Весь день перед глазами, не давая мне окончательно вернуться к нормальным чувствам, к спокойным мыслям и сладостным молодым ощущениям, долго еще стояло видение: высунутая из люка окровавленная рука танкиста, его белое-белое лицо и невыносимые, молящие синие-синие глаза умирающего мальчишки…

Мы прочесывали местность. Перелески, островки соснового бора, пашни, деревеньки, хутора. Мы прошли через лес, уже не зимний, не прозрачный, деревья, березки уже стали распускаться, и зеленый туман закрывал от нас чащобу. А там разбрелись, притаились остатки разбитых немецких частей.

– Камрады, камрады! – оглашали мы лес. – Ханде хох! Них шиесен!
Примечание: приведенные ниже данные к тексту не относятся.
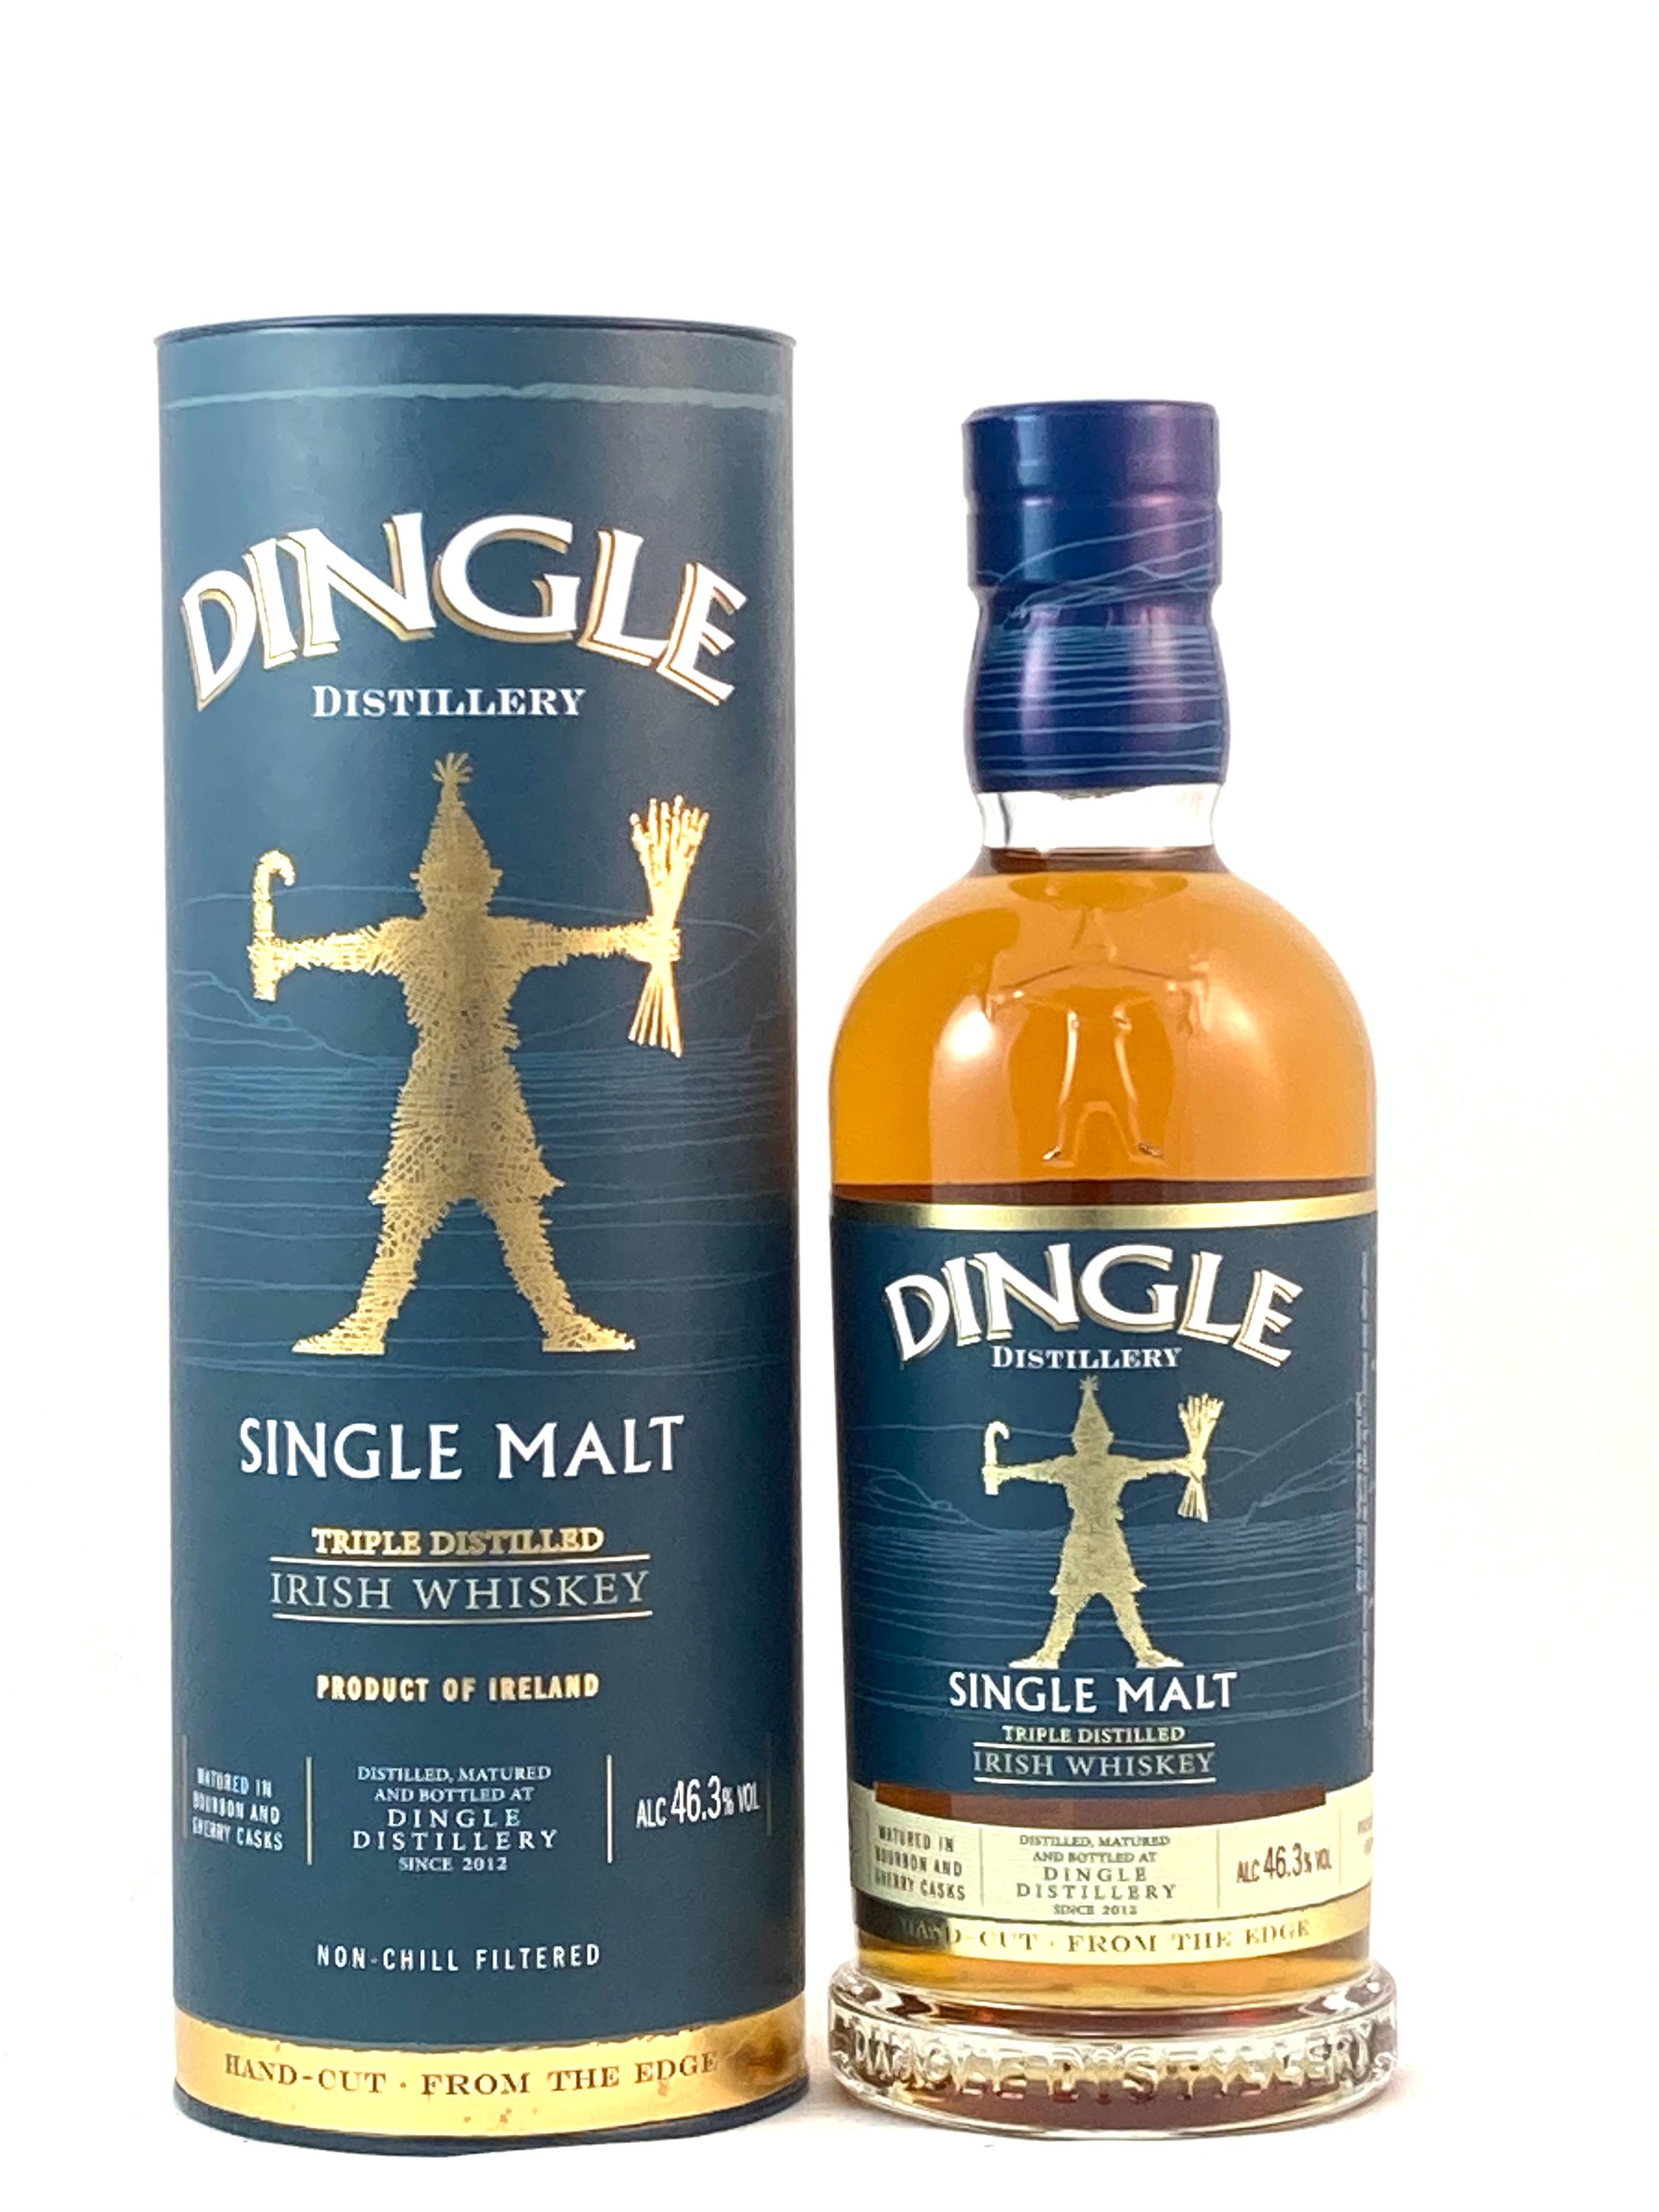 Dingle Single Malt Irish Whiskey Triple Distilled 0.7l, alc. 46.3% by volume

Мы шли, развернувшись в цепь, видя вблизи только соседа справа и слева, перекликаясь, переговариваясь громко. Я шел рядом с Баулиным. То и дело мы натыкались на немцев. Они стояли за деревьями по двое или по несколько человек. В основном рядовые. Без оружия, без поясных ремней, без касок. Завидя нас, вели себя по-разному. Одни поднимали руки, другие стояли, опустив головы, потупя взоры, некоторые улыбались – вымученно, виновато. Теперь, когда мы их ловили, или просто собирали в лесу, без стрельбы, без сопротивления, они не возбуждали в нас ни ненависти, ни злости. Мы были настроены весело, добродушно, заговаривали с ними спокойно, дескать, гут, гут, Гитлер капут, криг капут, арбайтен и нах хаус. Мы выводили их к дороге, собирали группу побольше и под конвоем отправляли назад в тыл, иногда пускали без конвоя, и они, видно понимая, что теперь им не от кого прятаться, некуда бежать да и незачем бежать, сами уходили в тыл. Один из них, молоденький, в моем возрасте, но рослее и шире меня, почему-то вызвал у меня сочувствие. На его лице, в его серых глазах была такая печаль, такая тоска застыла в них, что мне стало его жалко. Наверное, считал, что вся его жизнь загублена, что его увезут теперь в далекую холодную Сибирь и не скоро он вернется на родину, не скоро увидит мать, сестер, если вообще вернется. Зачем ему нужна была эта война?..

– Ничего, камрад, гут, криг капут, – утешал я его, даже ободряюще дотронулся до его спины. – Айн яхр арбайтен унд нах хаус.

А он как бы и не слышал меня, тоскливо смотрел перед собой в пустоту потухшими глазами.

До самого вечера мы шли по пашням, через перелески, заходили в деревеньки, хутора, где остались только старики, бабы, ребятишки. К вечеру посеял мелкий нудный дождик, мы промокли до нитки, очень устали, были голодны, а Андрей-Маруся со своей кухней опять застрял где-то позади. На ночь остановились на небольшом бедном хуторе, где хозяйничали старик со старухой. Еды у них, конечно, никакой не было – прошли войска, свои, немецкие, и объели подчистую. Если и осталось что, старший лейтенант Ковригин все равно не разрешил бы брать у них. А у нашего главного кормильца Худякова во фляге оказалась только где-то добытая сладкая, тянучая патока, но патокой эскадрон не накормишь. Не дождавшись повара, кроме тех, кто дежурил, взобрались на чердак хлева, где было сено, и на пустой желудок завалились спать. Командиры взводов устроились у стариков в доме.